By Kamila Aliyeva
Azerbaijan may expand the list of transplant organs in accordance with the amendments to the law “On transplantation of human organs and (or) tissues”, which is being prepared in Azerbaijan.
Musa Guliyev, Deputy Chairman of the Healthcare Committee of the Parliament, told Trend that throughout the world transplantation of organs by approximately 85-90 percent is carried out at the expense of organs taken from the corpse.
“Due to the fact that no transplantation of such organs is carried out in Azerbaijan, transplantation is carried out at the expense of organs taken from a living person. This, on the one hand, is a risk for the donor, and on the other hand, does not allow for more extensive transplantation. That is, a living person can give only paired organs, for example, one kidney, and another organ that is itself restored, that is, the liver. But it is impossible to use the remaining organs of a living person for transplantation,” he said.
Transplantation of organs has been carried out in Azerbaijan for 15 years, but to date no work has been done on transplantation of the organ taken from the corpse, according to the deputy chairman.

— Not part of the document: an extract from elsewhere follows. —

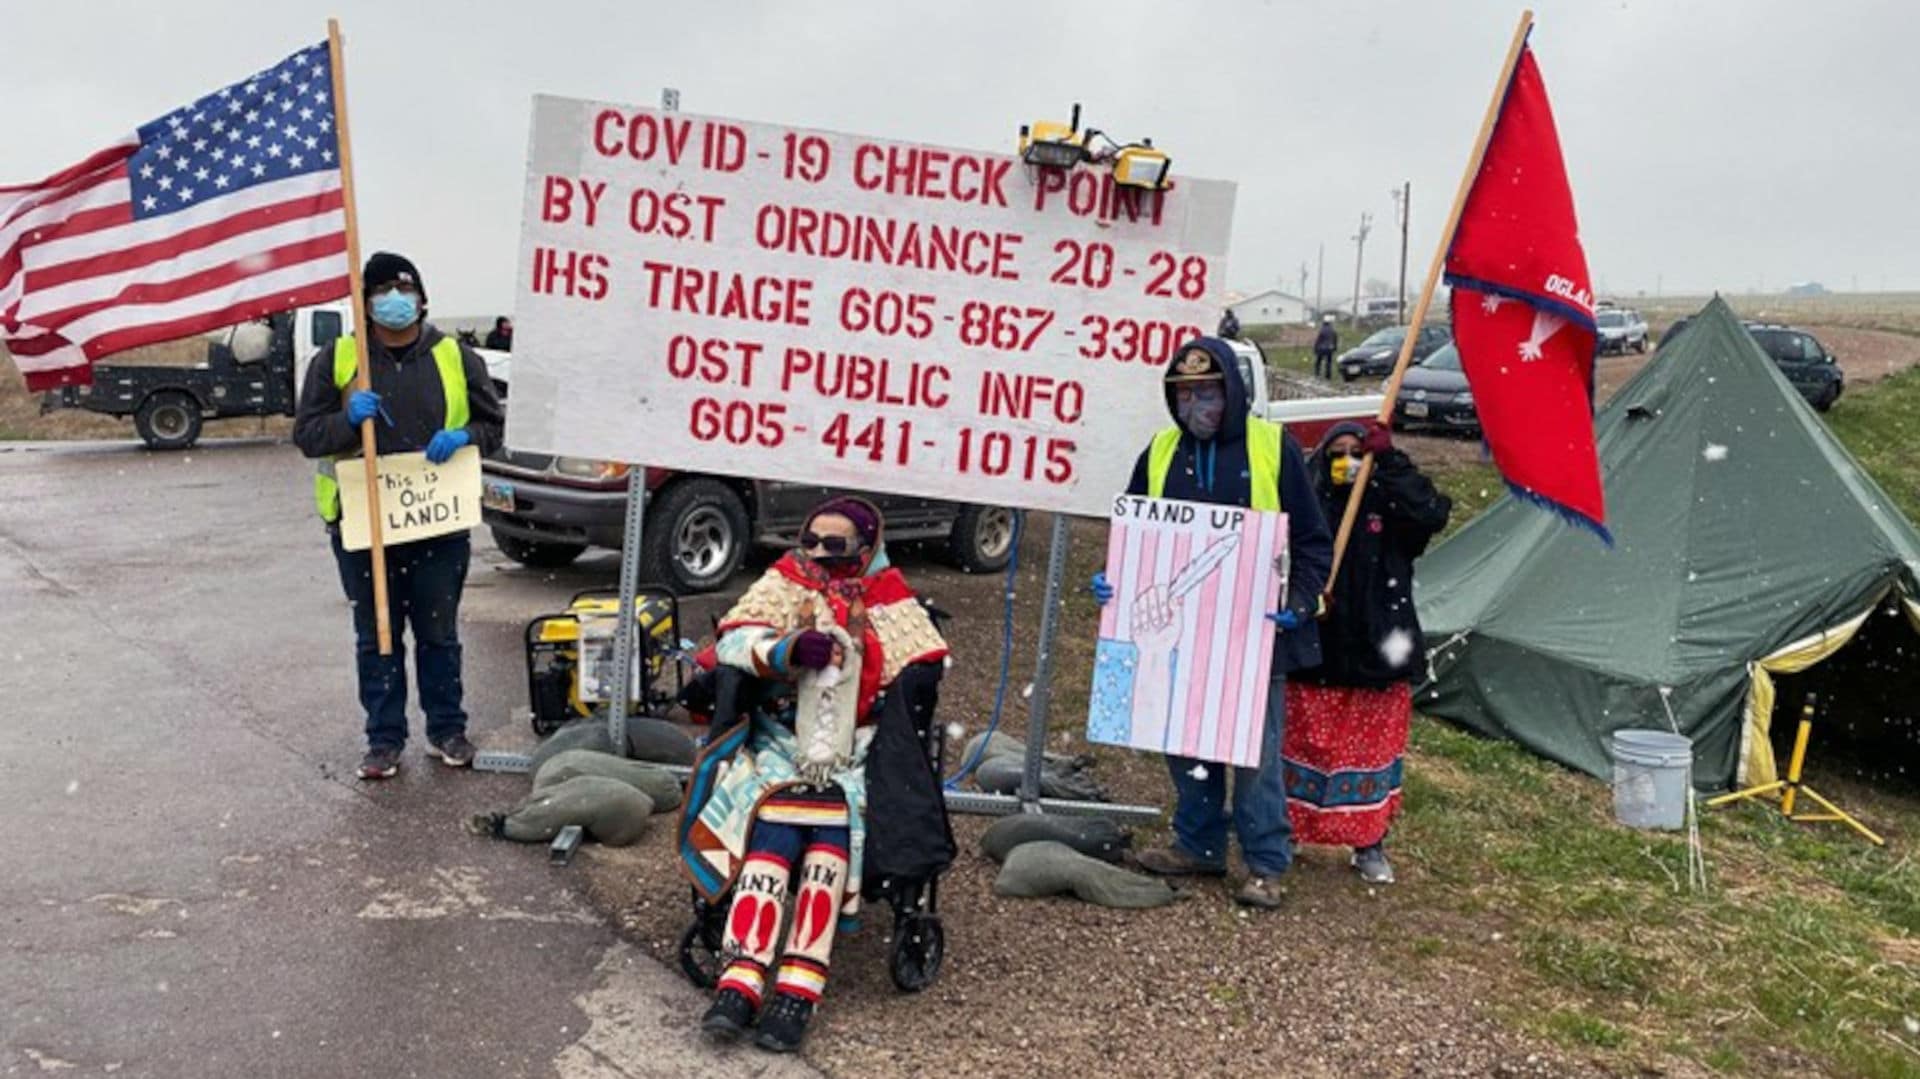 Oglala Lakota Tribal Member Emma Waters, 89, sits between Pine Ridge Reservation border patrol workers and her daughter in support of Covid-19 checkpoints operated by the Cheyenne River Sioux and Oglala Sioux tribes.

“A legal framework should be created for this. The working group established for this purpose is determining the rules and conditions for transplantation of organs from the corpse, the rules for obtaining permission for transplantation, technical requirements for clinics and other issues. These questions should be resolved,” he said.
In recent years, there have been scientific and technological innovations, which also need to be added to the law, according to Guliyev.
"At the same time, creation of a register of donors and individuals in need of a donor body is another important issue. In addition, the current law contains a list of organs for transplantation, that is, the kidney, liver, and the cornea of the eye. But now work is underway to expand the list of organs for transplantation and to include transplantation of the cardio-pulmonary complex, the musculoskeletal complex, part of the pancreas, etc.,” he added.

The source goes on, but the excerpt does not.